Following up from the answer by @kotarak, This now works for me:

(use 'net.cgrand.enlive-html)
(import 'java.io.StringReader)

(defn enlive->hiccup
   [el]
   (if-not (string? el)
     (->> (map enlive->hiccup (:content el))
       (concat [(:tag el) (:attrs el)])
       (keep identity)
       vec)
     el))

(defn html->enlive 
  [html]
  (first (html-resource (StringReader. html))))

(defn html->hiccup [html]
  (-> html
      html->enlive
      enlive->hiccup))

=> (html->hiccup "<html><body id='foo'>hello</body></html>")
[:html [:body {:id "foo"} "hello"]]
Viveca answered 19/6, 2012 at 5:24 Comment(3)
For example... if I was working with a designer who gave me a bunch of html files... i would have to 'translate' it by hand... most web tooling in general don't output hiccup structures and its a hassle to do anything with the html output if i'm working with hiccup... this way I can put it in the 'translator' and get the code i need.Viveca
@Viveca Heretic question: why don't you use enlive, then?Moulton
@Moulton Its a preference and a workflow thing... Essentially, I found that my brain's not fast enough to switch back and forth between html and clojure when I'm tweaking stuff. All my views and templates readily accessible in one big file to cut/paste/insert - instead of splitting off into html and code. And its nice to work with in clojurescript with the hiccup equivalent - crate.Viveca
M
8

You could html-resource from enlive to get a structure like this:

{:tag :html :attrs {} :content []}

Then traverse this and turn it into a hiccup structure.

(defn html->hiccup
   [html]
   (if-not (string? html)
     (->> (map html->hiccup (:content html))
       (concat [(:tag html) (:attrs html)])
       (keep identity)
       vec)
     html))

Here a usage example:

user=>  (html->hiccup {:tag     :p
                       :content ["Hello" {:tag     :a
                                          :attrs   {:href "/foo"}
                                          :content ["World"]}
                                 "!"]})
[:p "Hello" [:a {:href "/foo"} "World"] "!"]
Moulton answered 19/6, 2012 at 5:42 Comment(3)
thanks! I tried looking at enlive before but was confused by the fact that it takes a file as input. Is there anyway to input a string in enlive as opposed to a resource?Viveca
I'd expect you can define a simple helper function: (defn str-resource [s] (html-resource (StringReader. s))).
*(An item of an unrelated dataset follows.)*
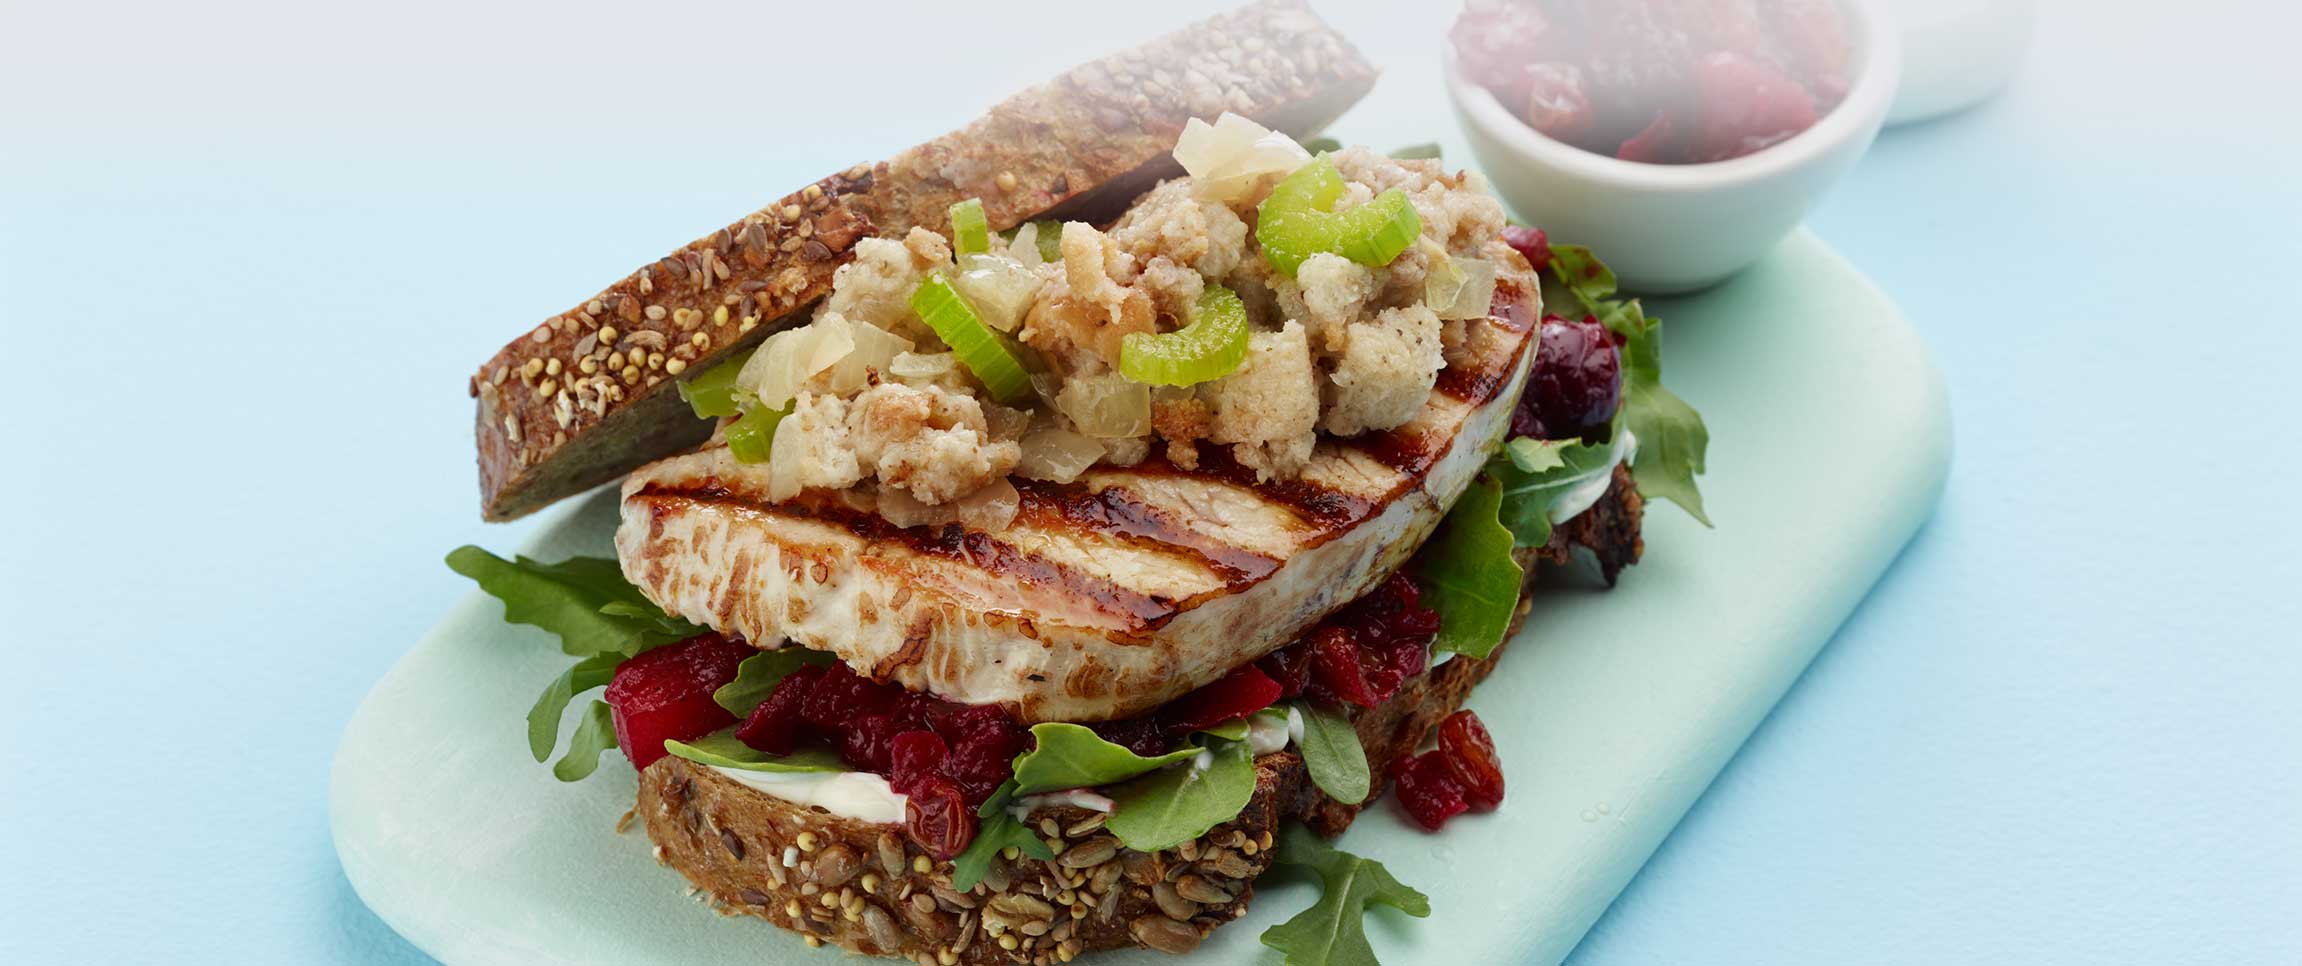 Turkey Filet Sandwich

Not tested.Moulton
There are better answers now that libraries exist; see belowCounterbalance
S
6

There is a page on the Hiccup Github Wiki:

https://github.com/weavejester/hiccup/wiki/Converting-html-to-hiccup

which links to three solutions:

https://github.com/davidsantiago/hickory

https://github.com/nathell/clj-tagsoup

https://github.com/hozumi/hiccup-bridge

(Oddly, I found this question and that wiki page in the same search just now... and I was the most recent editor of that Wiki page, 2 years ago.)
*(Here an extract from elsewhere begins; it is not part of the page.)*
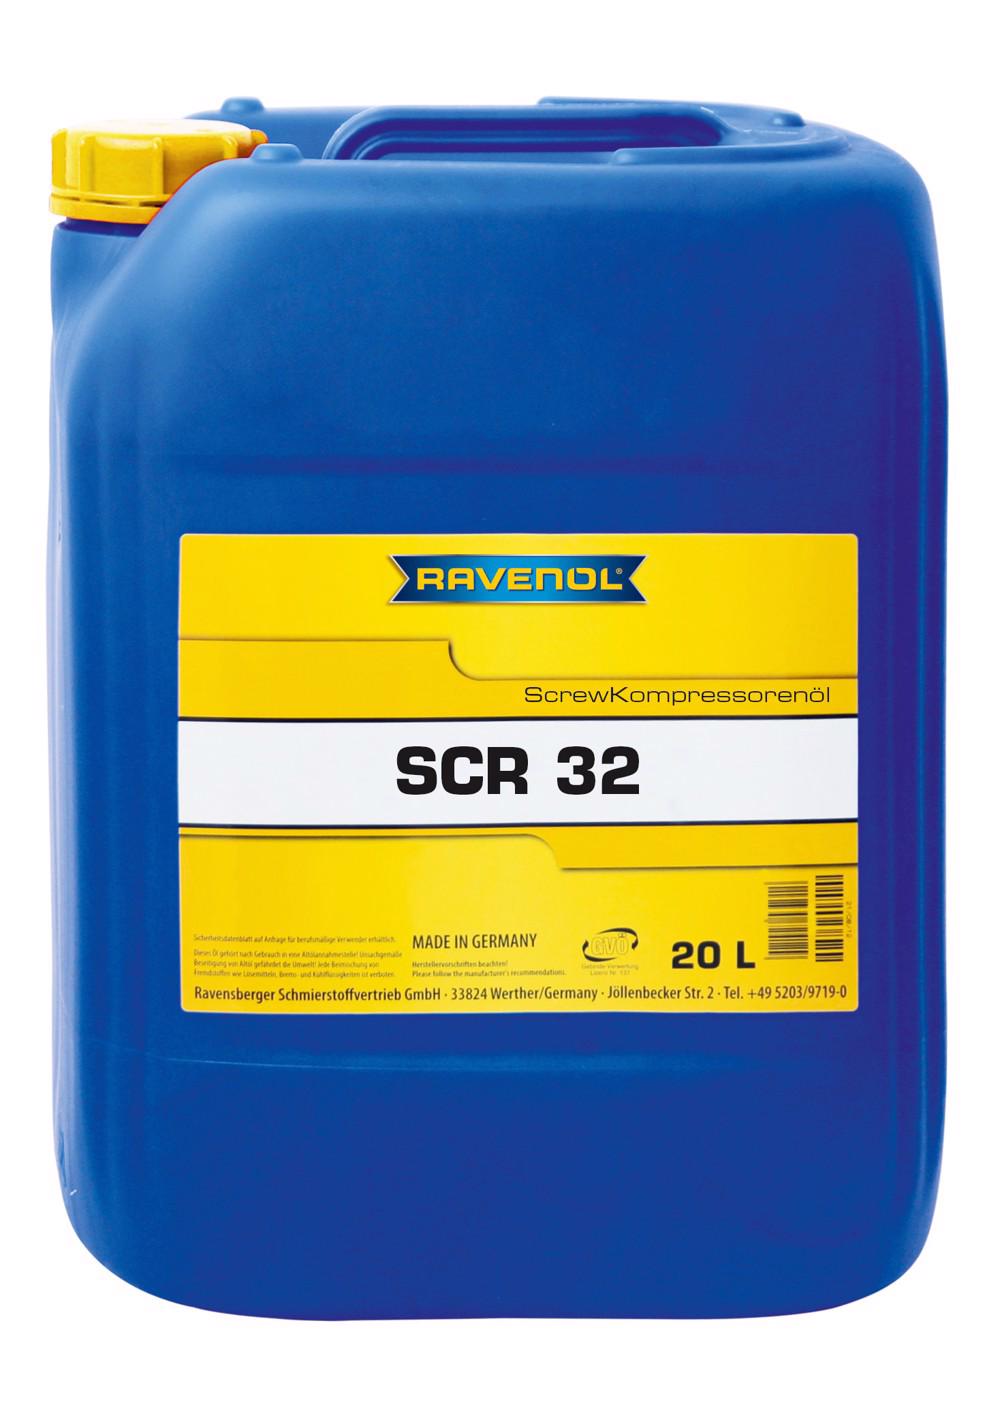 RAV  SCR 32 Screw Kompressorenoel  20 L

Stebbins answered 24/9, 2014 at 1:0 Comment(0)
M
3

There is now Hickory which does this: https://github.com/davidsantiago/hickory

Molybdous answered 7/3, 2014 at 10:46 Comment(0)
D
0

There is this snippet of code that I wrote, which (unlike hickory) runs truly cross platform without relying on the browser:

(ns hiccdown.html
  (:require [clojure.edn :as edn]
            [instaparse.core :as insta :refer [defparser]]))

(defparser html-parser "
  nodes = node*
  <node> = text | open-close-tags | self-closing-tag
  open-close-tags = opening-tag nodes closing-tag
  opening-tag = <'<'> <spaces>? tag-name attributes? <spaces>? <'>'>
  closing-tag = <'</'> tag-name <'>'>
  self-closing-tag = <'<'> <spaces>? tag-name attributes? <spaces>? <'/>'>
  tag-name = #'[^ </>]+'
  attributes = (<spaces> attribute)+
  attribute = attribute-name (<'='> attribute-value)?
  <attribute-name> = #'[^ \t=]+'
  <attribute-value> = #'[^ \t]+' | #'\"[^\"]*\"'
  <text> = #'[^<]+'
  spaces = #'[ \t]+'
")

(defn html->hiccup [html-str]
  (->> (html-parser html-str)
       (insta/transform {:nodes            (fn [& nodes] nodes)
                         :open-close-tags  (fn [opening-tag nodes _closing-tag]
                                             (into opening-tag nodes))
                         :opening-tag      (fn ([tag-name] [tag-name])
                                               ([tag-name attributes] [tag-name attributes]))
                         :self-closing-tag (fn ([tag-name] [tag-name])
                                               ([tag-name attributes] [tag-name attributes]))
                         :tag-name         keyword
                         :attributes       (fn [& attributes]
                                             (into {} attributes))
                         :attribute        (fn ([attribute-name]
                                                [(keyword attribute-name) true])
                                               ([attribute-name attribute-value]
                                                [(keyword attribute-name) (edn/read-string attribute-value)]))})))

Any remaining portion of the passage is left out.